Differentiate the Types of Kurtosis


Leptokurtic

  • Normal curves that are tall and thin, with only a few scores in the middle of the distribution having a high frequency.


Platykurtic

  • Normal curves that are short and more dispersed (broader)



Mesokurtic

  • Normal curves that have peaks of medium height and distributions that are moderate in breadth


Skewed Distributions

  • Non-normal, non-symmetrical, no bell shape


Normal Distribution

  • The mean = median =mode, is the line down the center of the curve


Positive vs Negative Skew

  • mean =/ median =/ mode


Negatively Skewed Distribution

  • Highest point of curve (the mean) is towards the right


Positively Skewed Distribution

  • Highest point of curve (the mean) is towards the left


Normal Curve

  • Symmetrical bell-shaped frequency polygon normal distribution


Range

  • the difference between the lowest and highest scores in a distribution


Interquartile Range

  • The spread of the central 50% of a sample (used with a median)


Standard Deviation

  • A measure of how spread out numbers are in a set of values; average difference between the scores and mean of the distribution





Key Concepts



  • Differentiate between measures of variation.
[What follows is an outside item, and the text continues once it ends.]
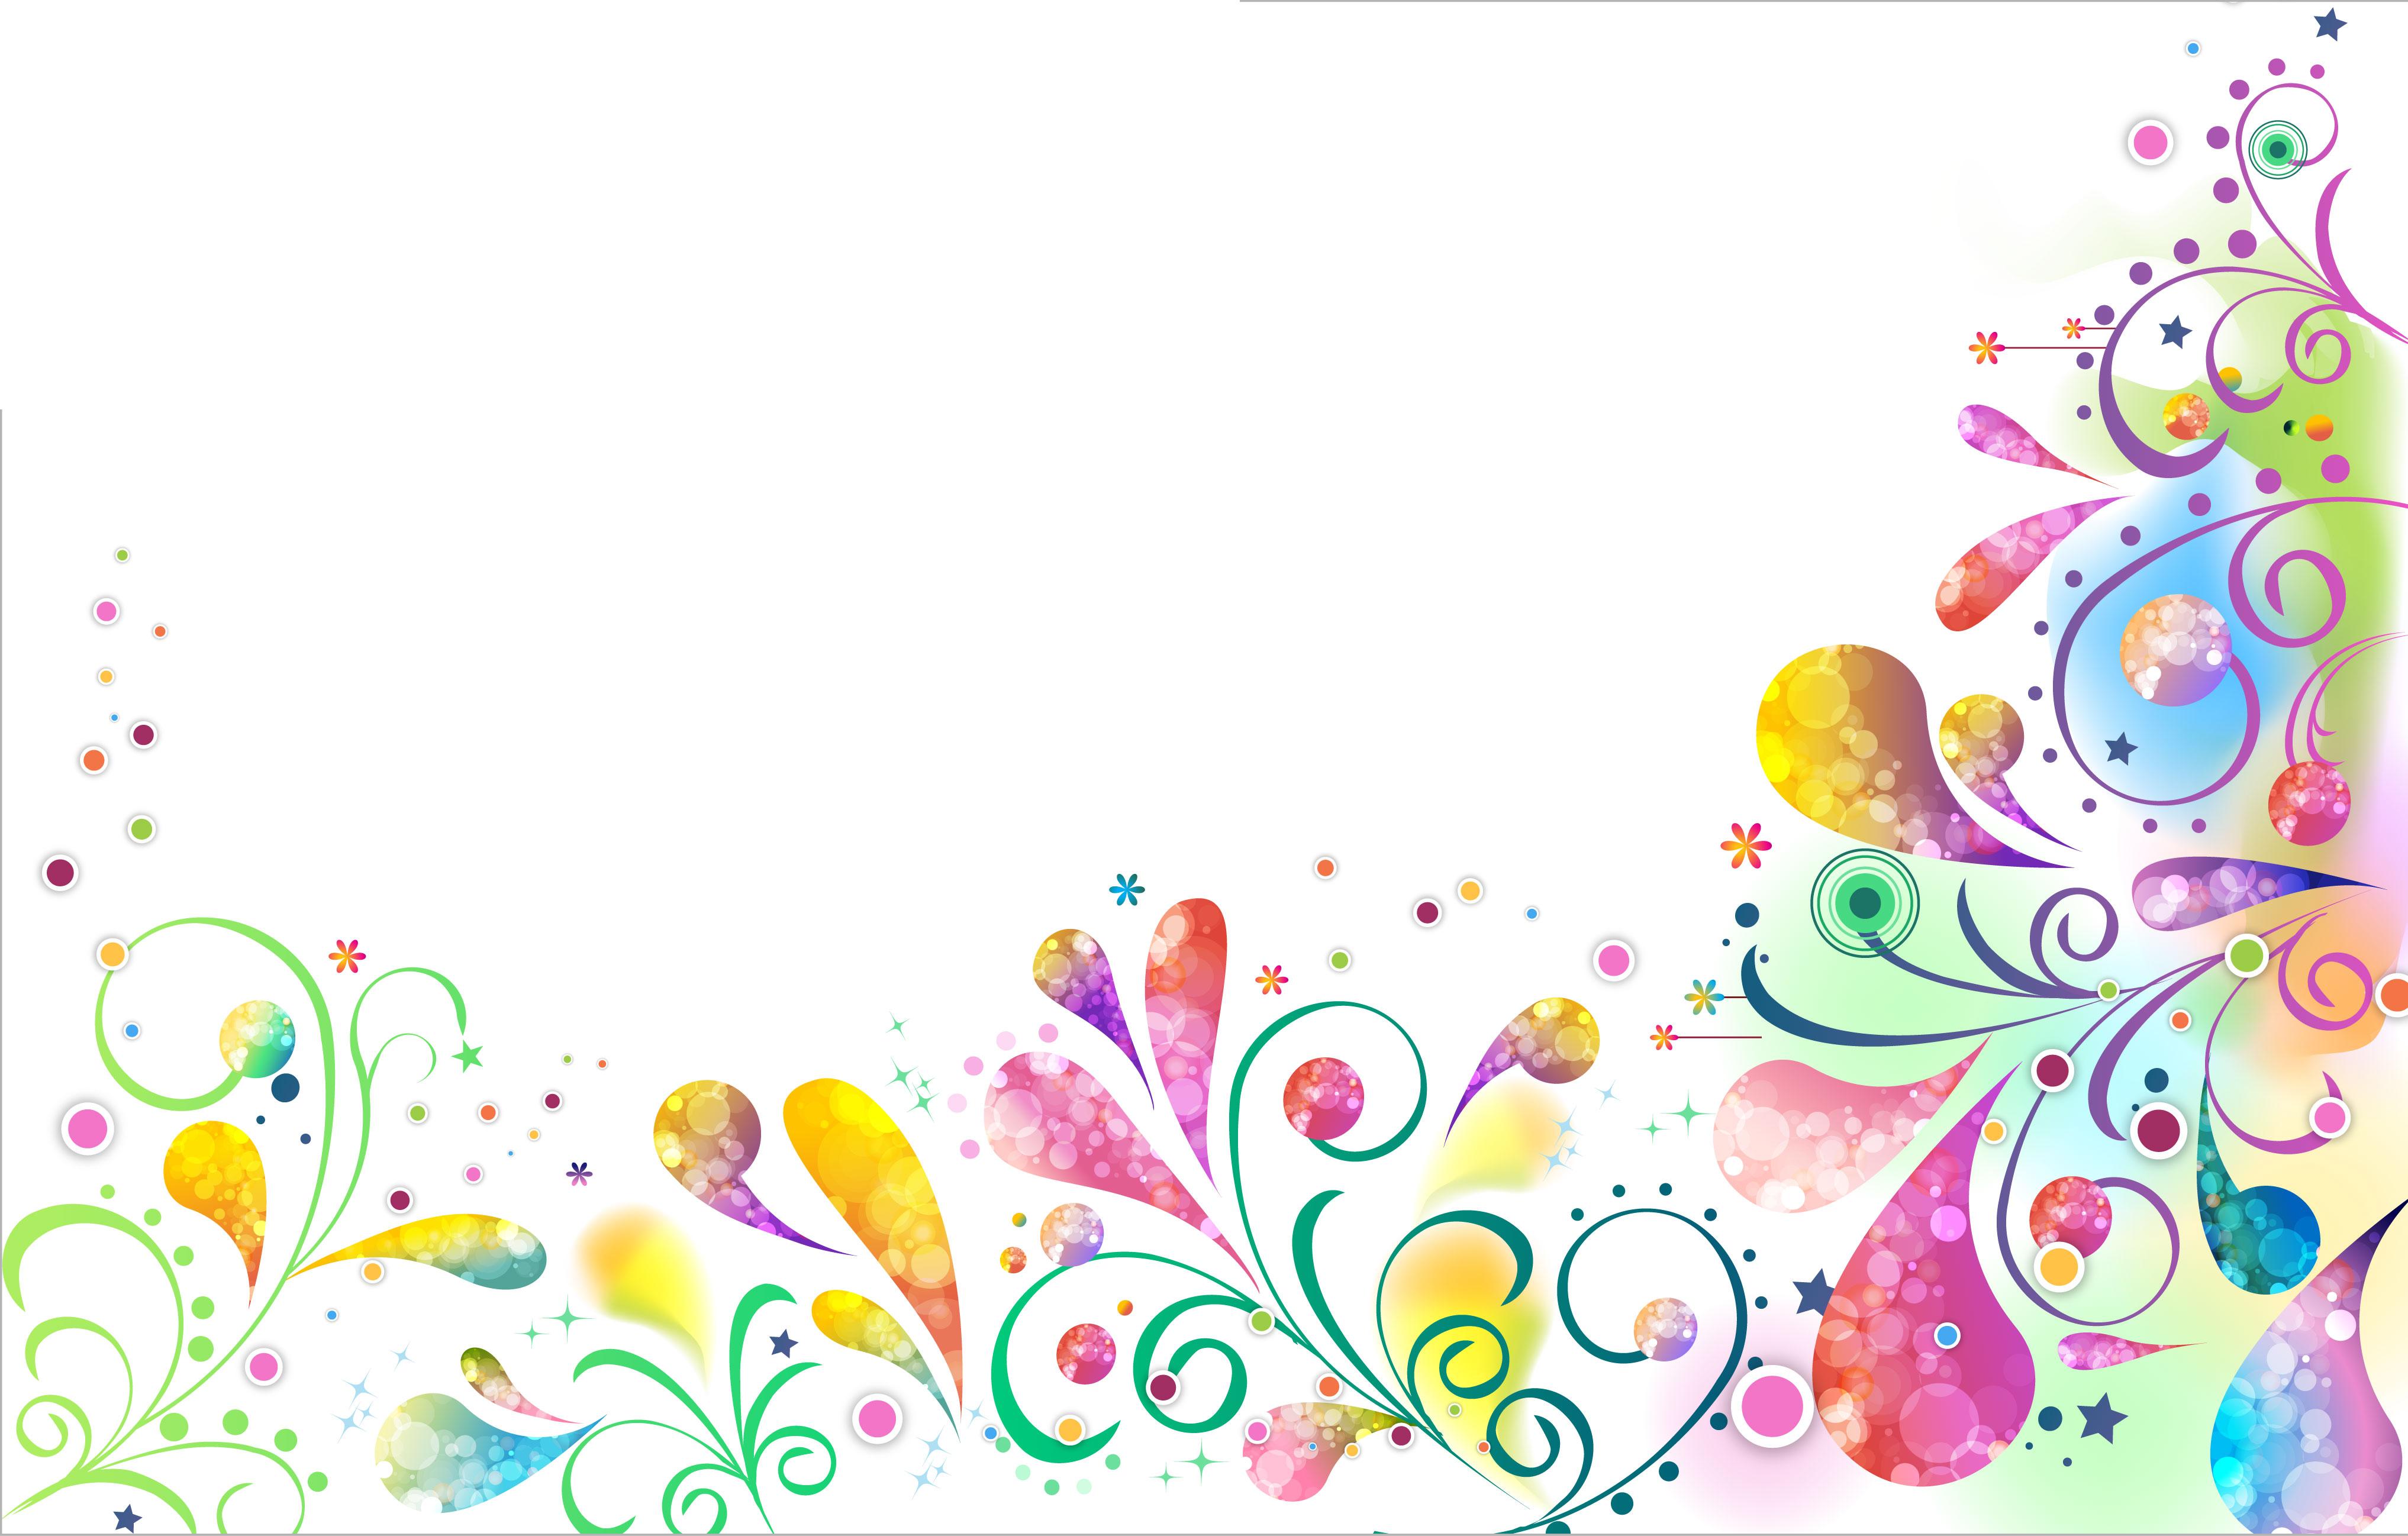 花のイラスト・フリー素材/壁紙・背景no.606『カラフル・淡い・茎葉

  • Range: A measure of variation; the difference between the lowest and the highest scores in a distribution

  • Interquartile range: the spread of the central  50% of a sample (used with a median) further breaks down bottom half and top half; value between median and lowest and median and highest

  • Standard deviation: A measure of how spread out numbers are in a set of values; average difference between the scores and mean of the distribution


  • Understand the importance of describing variability



  • Explain the difference between a normal distribution and a skewed distribution.


  • A normal distribution is a regular curve in the center. A skewed distribution has one tail longer than the other, so it's skewed to the left or right.



  • Explain the difference between a positively skewed distribution and a negatively skewed distribution

  • In a normal distribution, the mean and the median are the same number while the mean and median in a skewed distribution become different numbers: A left-skewed, negative distribution will have the mean to the left of the median. A right-skewed distribution will have the mean to the right of the median.



  • Understand how the mean, median, and mode of a distribution are impacted by positive or negative skew

  • Positive Skew: The mode is the high point on the distribution. The median divides the distribution in half. The mean is pulled in the direction of the tail of the distribution; that is, the few extreme scores pull the mean toward them and inflate it.

  • Negative Skew: the mean is pulled toward the left by the few extremely low scores in the distribution. As in all distributions, the median divides the distribution in half, and the mode is the most frequently occurring score in the distribution.